As the crowd approached, Mark and Patricia stood outside their front door with a semi-automatic AR-15 and a handgun respectively. McCloskey shouted "private property" and "get out" multiple times. Several protesters confronted the two in front of their home, exchanging heated words only several yards apart. Some protesters were heard asking others to leave and move on, while other . No shots were fired and there were no injuries. Shortly after the incident, the McCloskeys told reporters that they support the Black Lives Matter movement and civil rights.

There was no evidence that the protesters had weapons, a prosecutor said in 2021. Mark McCloskey in July 2020 had told media that the "people in the crowd in front of my house" were "armed with guns" and that "the police were aware and have video" of that. He said, "We saw the weapons at the time," and accused one protester of showing loaded magazines and telling him: "You're next."

As a result of their newfound fame, the next month the couple were invited to speak at the 2020 Republican National Convention. In their remarks, which they delivered via video from their home, Mark McCloskey said, "It seems as if the Democrats no longer view the government's job as protecting honest citizens from criminals, but rather protecting criminals from honest citizens."

The couple pleaded their felonies down to misdemeanors and were fined a combined $3,000. Republican Missouri Governor Mike Parson subsequently issued pardons for the pair.

In February 2022, the Missouri Supreme Court suspended McCloskey's law license indefinitely but stayed that suspension and imposed one year of probation. On June 6, the United States Supreme Court declined to hear McCloskey's appeal.

In December 2023, the Missouri Court of Appeals Eastern District ruled that McCloskey is not entitled to the return of the firearms seized by law enforcement, despite the pardon. McCloskey intends to appeal that decision to the Missouri Supreme Court.

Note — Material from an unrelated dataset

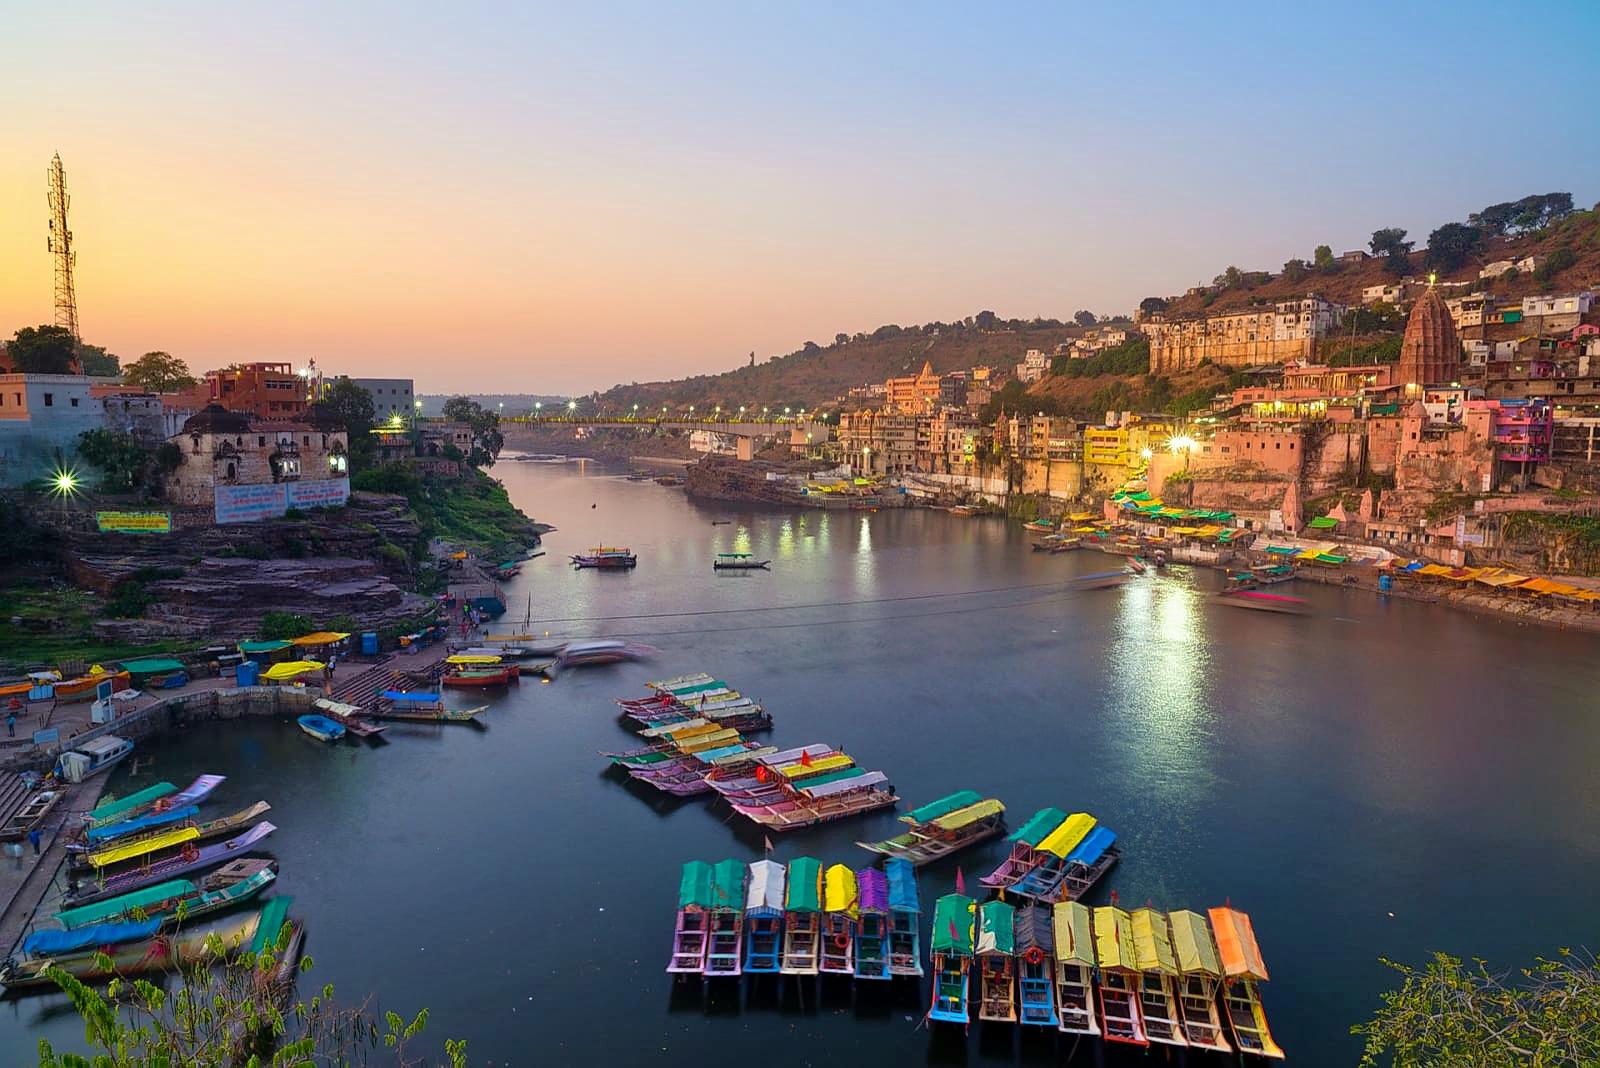 1542870553_east-nimar-omkareshwar-148410039242-orijgp.jpg

In January 2024, the McCloskeys filed a request to have their convictions expunged. City prosecutors and police opposed the expungements, but Missouri Circuit Court Judge Joseph P. Whyte granted their request in a June 5 order in which he wrote that expungements are meant to give a second chance to people who have rehabilitated themselves. Immediately after, the McCloskeys said the city should return their guns, threatening to sue if the city balked.

==Political activities==
McCloskey has donated to both Republican and Democratic candidates. He gave $500 to former Sen. Claire McCaskill, who defeated Todd Akin in 2012. He gave $1,000 to Republican Bill Phelps, who was defeated by incumbent Democratic congressman Ike Skelton in 1992.

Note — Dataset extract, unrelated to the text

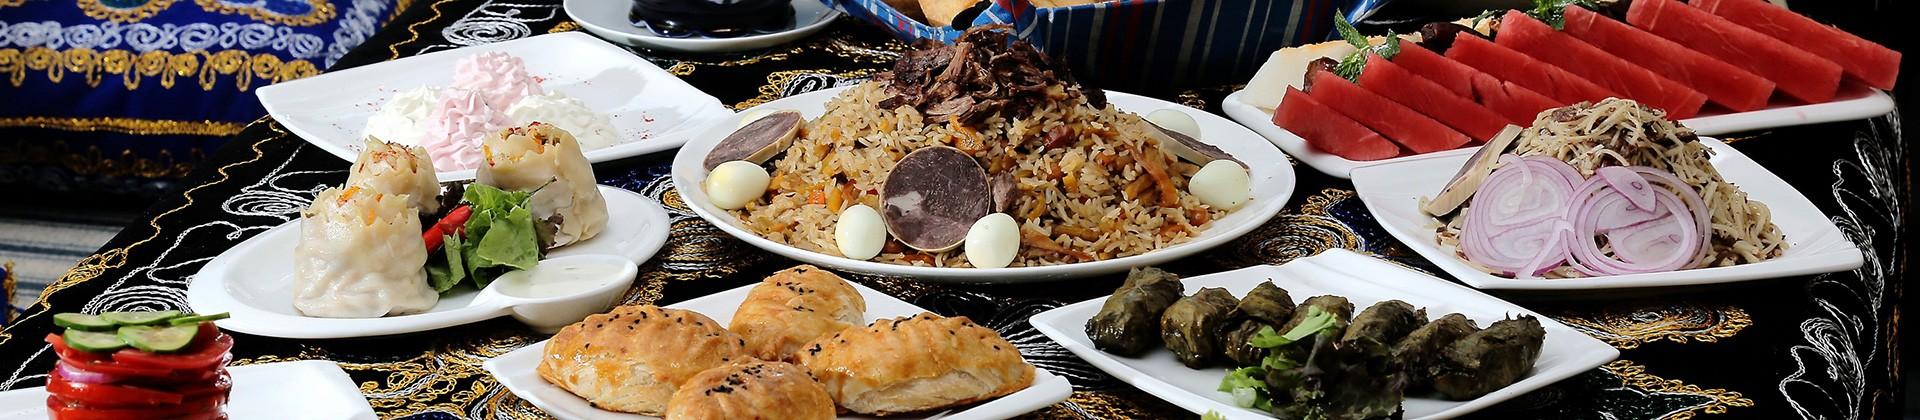 Excursion and gastronomic tour to Uzbekistan - 1

=== Campaign for U.S. Senate ===

In 2020, McCloskey launched a campaign for the U.S. Senate seat being vacated by Roy Blunt.

At a candidate's forum in Osage Beach, Missouri, in October 2021, McCloskey stated that he believes rape and incest victims as young as 13 years old should be prohibited from obtaining abortions. He said he once represented a woman who was raped by an uncle at 13, had the child, and later obtained a master's degree; and that the child who would have been aborted ended up getting a master's degree as well. McCloskey said that it had bothered him "as long ago as when I was in grade school" that some death penalty opponents also support abortion rights. He added, "The justices of the Supreme Court in the most heinous crimes don't have the right to decide who should live and die, but every 13-year-old girl on the street should be able to decide the fate of the life of their child?"

On August 2, 2022, McCloskey lost the Republican primary to Eric Schmitt.

=== Missouri Republican party ===
McCloskey advocates for vetting candidates and represents Cyndia Haggard in a legal battle in Vernon County over candidate eligibility. Haggard and her organization, Republican Association of Central Committees, advocate for a central committee vetting process for candidates to run as Republican involving a morals survey and scrutiny of background reports. Concern was raised over Christian Identity influence of the Vernon County slate of candidates, with controversial pastor Dan Gayman and other Church of Israel members serving on the vetting committee.

=== January 6 ===
McCloskey has pushed for those prosecuted for their involvement in the January 6 United States Capitol attack to receive compensation.